I was six months into my first development job when I realized I had no idea what Big O notation was. Or why it mattered.
I thought I could just Google everything. Turns out, you can't Google your way through algorithmic thinking.
The uncomfortable truth? You can be a decent developer without understanding CS fundamentals. You'll be a great developer if you do.
Big O Notation - It's Not Scary
Big O just answers: as my data grows, how does my performance change?
- O(1) - Same speed no matter what (accessing an array by index)
- O(n) - Slower as data grows (looping through all items)
- O(n²) - Gets slow really fast (nested loops)
- O(log n) - Logarithmic, very efficient (binary search)
Real example: I built a search that looped through all users and their posts. O(n²). With 10,000 users? Timeout.
Changed it to use a database index. Same logic. O(log n). Instant.
Why this matters: Understanding this helps you spot when code will crawl as data grows.
Arrays. Hash tables. Linked lists. Trees. Graphs.
Each has different trade-offs:
- Arrays - fast access by index, slow insertion in the middle
- Hash tables - lightning fast lookup by key
- Trees - great for hierarchical data and searching
- Graphs - perfect for relationships
I spent an hour optimizing code that was just using the wrong data structure. Switched to a Set for lookups instead of an Array.
10x faster. One line changed.
Why this matters: Right data structure = faster, cleaner code.
Sorting and Searching - Understand the Patterns
You probably never write a sorting algorithm from scratch. But understanding how they work helps you know when to use what.
- Binary search - super fast on sorted data
- Merge sort - consistent, fast
- Quick sort - usually the fastest
When your database returns results in the wrong order, or search is slow, understanding these concepts helps you fix it.
Recursion - It Clicks Eventually
Recursion scared me for a long time. Then it clicked, and I realized it's just a function calling itself with a stopping condition.
function factorial(n) {
if (n === 1) return 1; // STOP HERE
return n * factorial(n - 1); // RECURSE
}
Tree traversal. File system navigation. JSON parsing. Tons of real uses.
Why this matters: When you encounter a naturally recursive problem, you'll know it.
Time vs Space - The Trade-Off
Every algorithm trades speed for memory.
Make something faster by storing results (caching).

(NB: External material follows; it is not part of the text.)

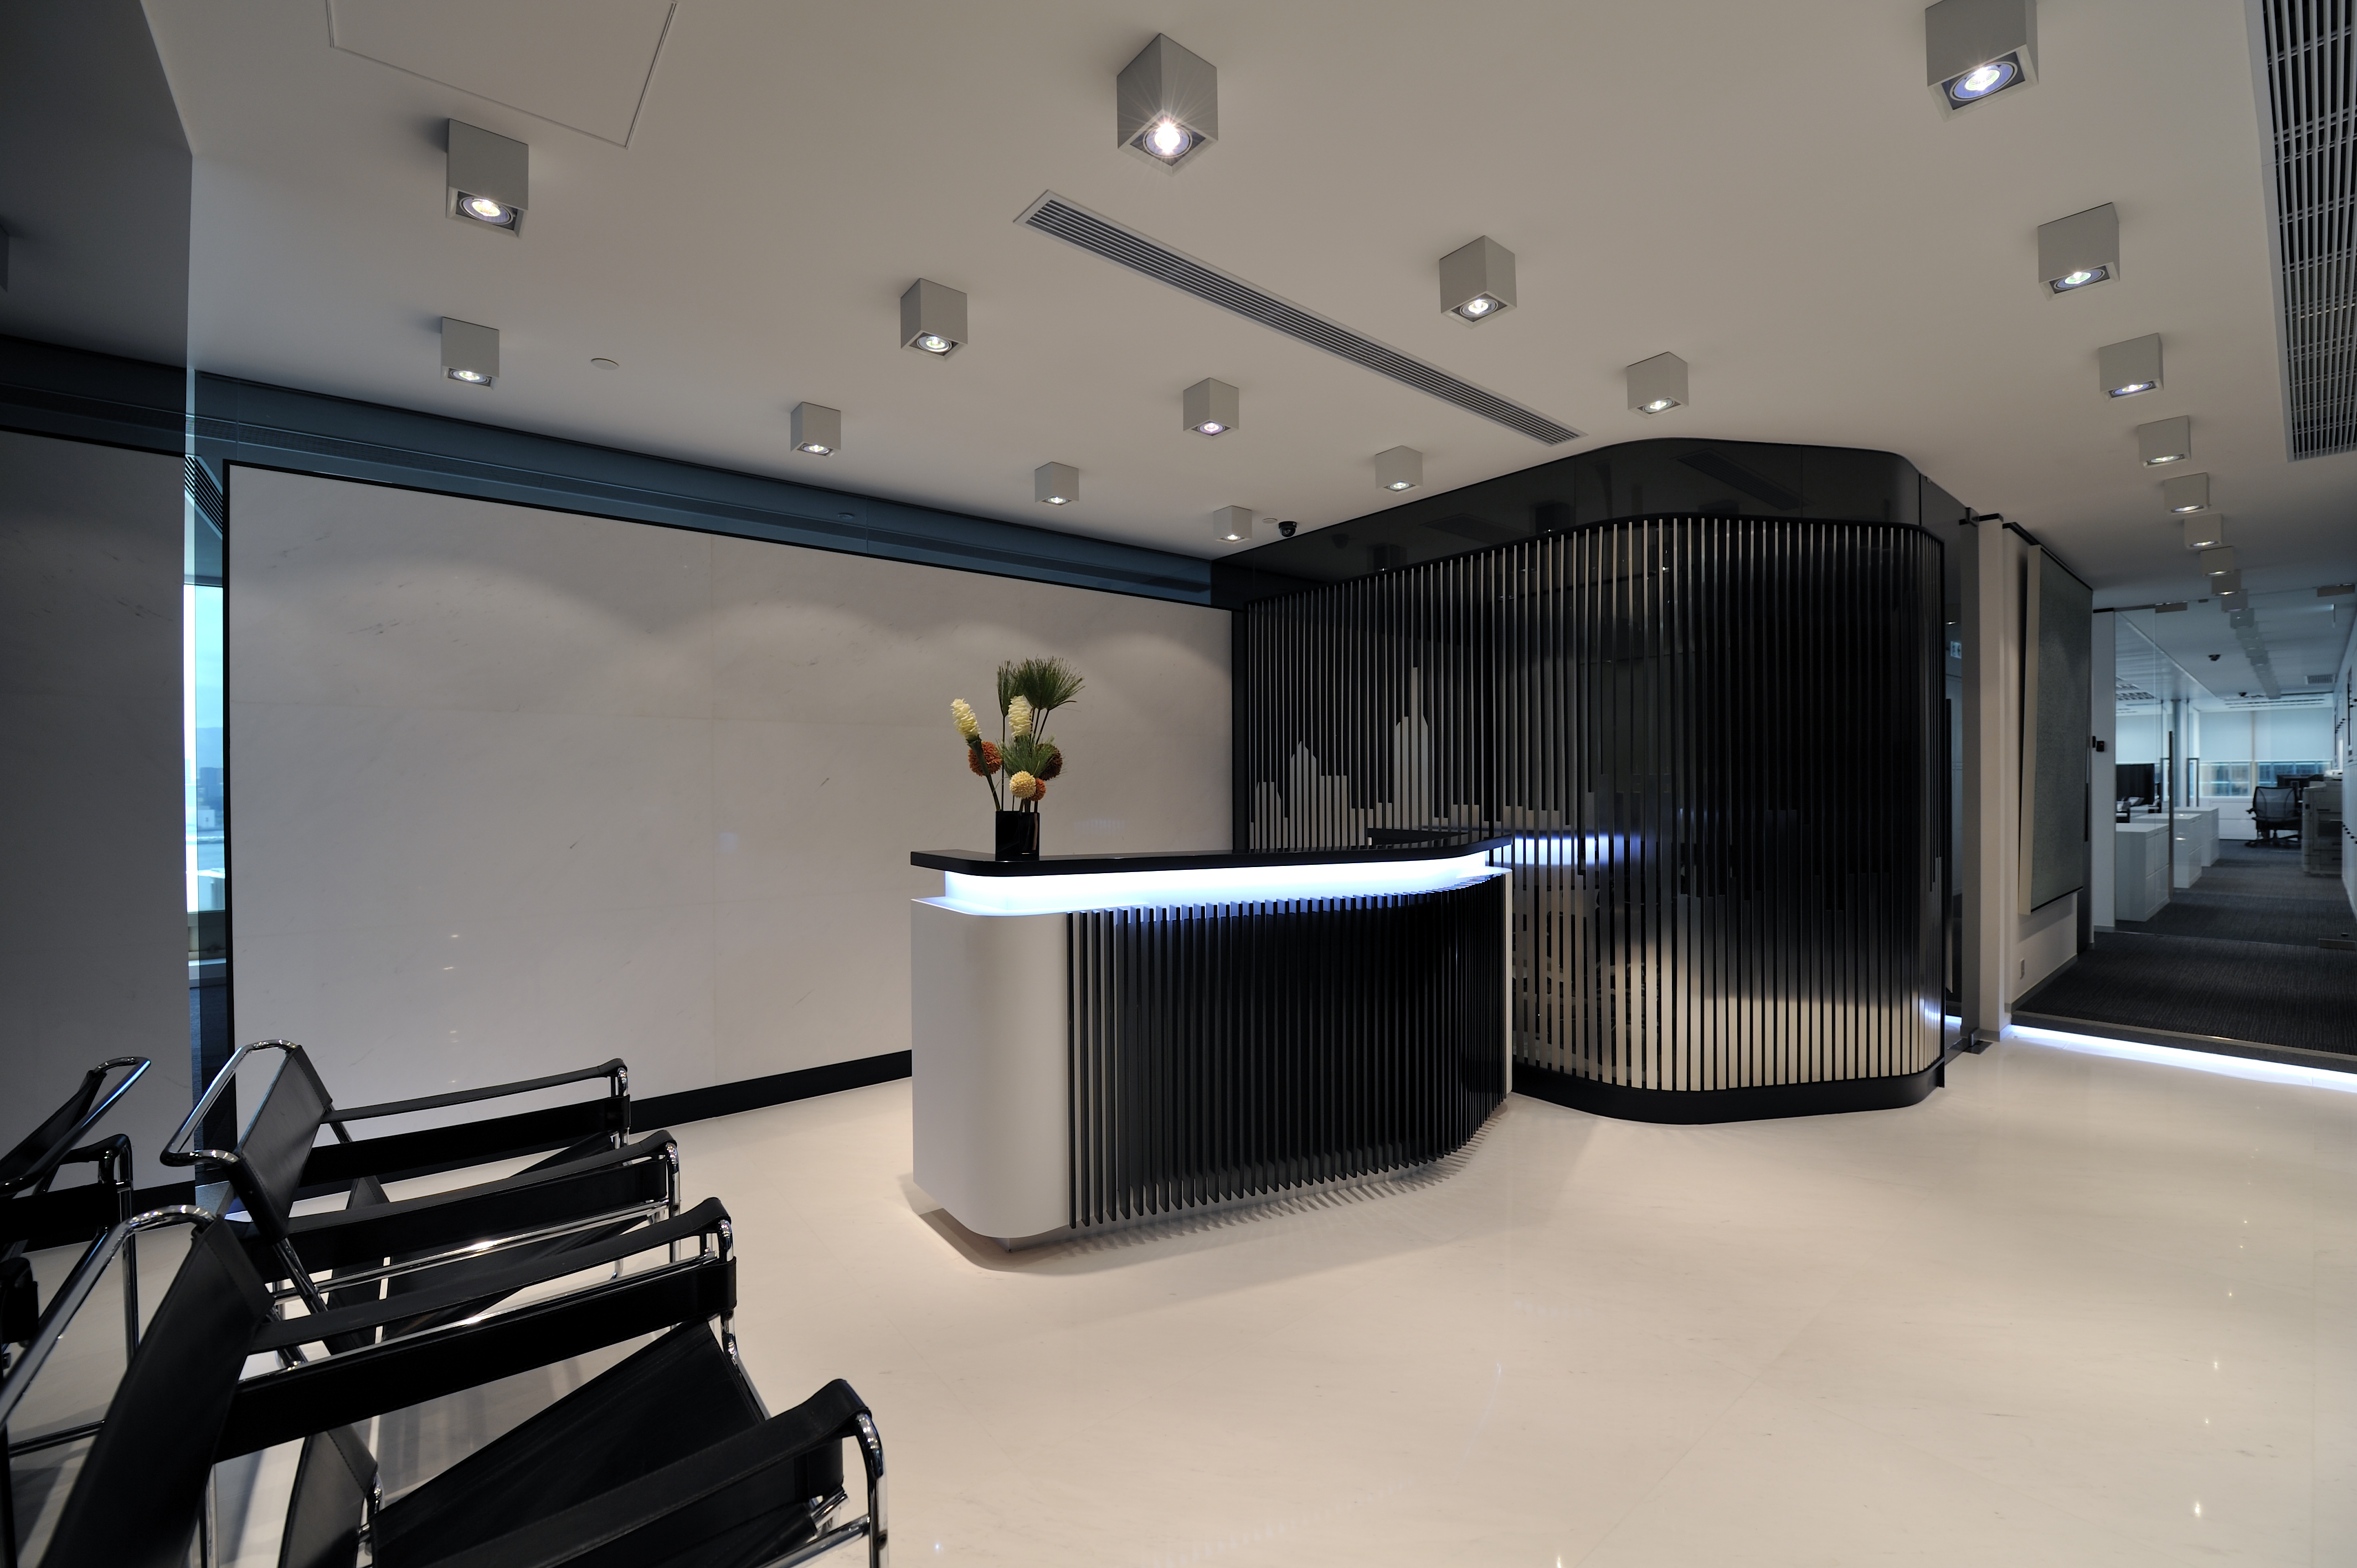 辦公室設計 Office Design hk Reorient Grou

Make it use less memory by computing each time.
Understanding this trade-off helps you make better decisions:
- Do I cache this computation?
- Do I store this data?
- What's the right balance?
Databases and Query Optimization
This is huge in real work.
Concepts like:
- Indexes - make queries fast (but slow down writes)
- JOINs - combine data efficiently
- Normalization - avoid storing redundant data
I spent a whole day debugging why a report was slow. It was a missing index. One line. Done.
Most performance issues in real apps come from database queries, not code.
Caching - The Art of Invalidation
Caching is storing results so you don't recompute them. Types:
- Browser cache - static files
- Memory cache - computed results in Redis
- Database cache - query results
- HTTP cache - response caching
The trick? Invalidation. When data changes, you invalidate the cache.
This is how big sites stay fast.
Concurrency and Parallelism - Different Things
- Concurrency - switching between tasks (like browser tabs)
- Parallelism - actually doing things simultaneously (multi-core)
JavaScript is single-threaded, so it's concurrent (event loop), not parallel.
Understanding this helps you write code that doesn't block.
CAP Theorem - You Can't Have It All
In distributed systems, you can have two of three:
- Consistency - all nodes have same data
- Availability - system always responds
- Partition tolerance - works even if connections fail
Netflix chose Availability and Partition Tolerance. You might eventually see stale data, but Netflix stays up.
This understanding helps you design realistic systems.
Networking Basics
- TCP/IP - how computers talk
- HTTP/HTTPS - how the web works
- DNS - domain names to IP addresses
- Latency - how long requests take
I had a frontend making 100 API calls in sequence. Changed it to parallel. Load time dropped from 20 seconds to 2 seconds.
Understanding networks helped me spot the issue.
How I Actually Learned This
- Books: "Cracking the Coding Interview" is practical, not theory
- LeetCode: Kind of fun once you get into it
- Real projects: Build something, notice it's slow, figure out why
You don't need a CS PhD. But understanding fundamentals makes everything better.
These aren't abstract. They're practical tools that solve real problems. Every performance issue I've debugged came down to one of these concepts.
The developers who look like magicians? They're just using the right tools.